Federico Rose

Personal information
- Full name: Federico Fitz Anthony Rose
- Date of birth: August 7, 2004 (age 21)
- Place of birth: Toronto, Ontario, Canada
- Height: 1.87 m (6 ft 2 in)
- Position: Forward

Team information
- Current team: Olimpija Ljubljana
- Number: 9

Youth career
- 2018–2022: Woodbridge Strikers
- 2022–2024: Vélez Sarsfield
- 2024: Pafos

Senior career*
- Years: Team / Apps / (Gls)
- 2024–2026: Tabor Sežana / 39 / (12)
- 2026: → Mura (loan) / 6 / (3)
- 2026–: Olimpija Ljubljana / 0 / (0)

= Federico Rose =

Canadian soccer player (born 2004)

Federico Fitz Anthony Rose (born August 7, 2004) is a Canadian professional soccer player who plays as a forward for Slovenian PrvaLiga club Olimpija Ljubljana.

==Club career==
Rose is a youth product of the Canadian club Woodbridge Strikers and Argentine club Vélez Sarsfield, and moved to the youth side of the Cypriot club Pafos in 2024 to finish his development.
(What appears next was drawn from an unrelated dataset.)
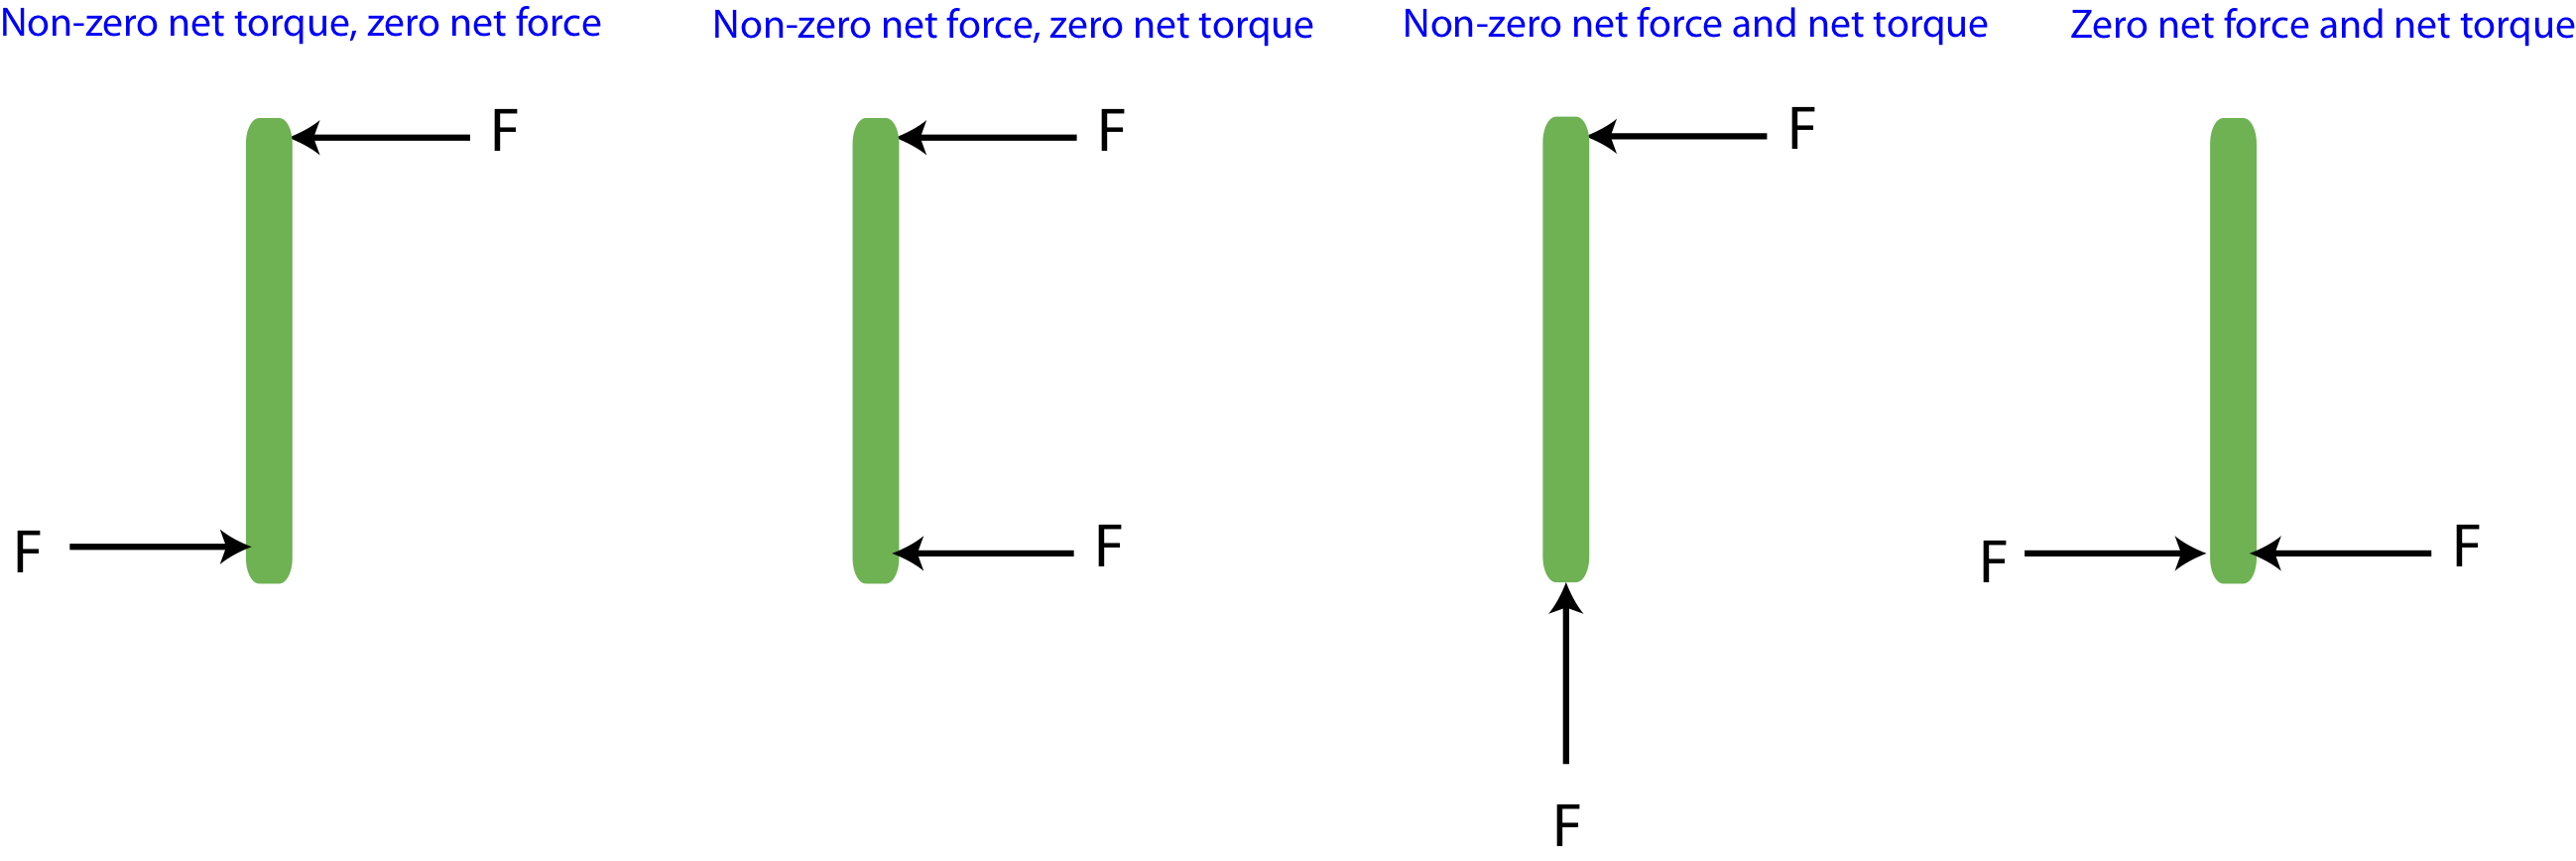 torque-force-net.png

On 6 Augus 2024, he joined the Slovenian Second League club Tabor Sežana. On 12 February 2026, he joined Slovenian PrvaLiga club Mura on loan for the second half of the 2025–26 season.

In 2026, Rose joined Slovenian PrvaLiga club Olimpija Ljubljana on a contract until 2029.

==Personal life==
Born in Canada, Rose was born to a Jamaican father and an Argentine mother. He has Croatian roots through a maternal grandparent, and also holds Croatian citizenship.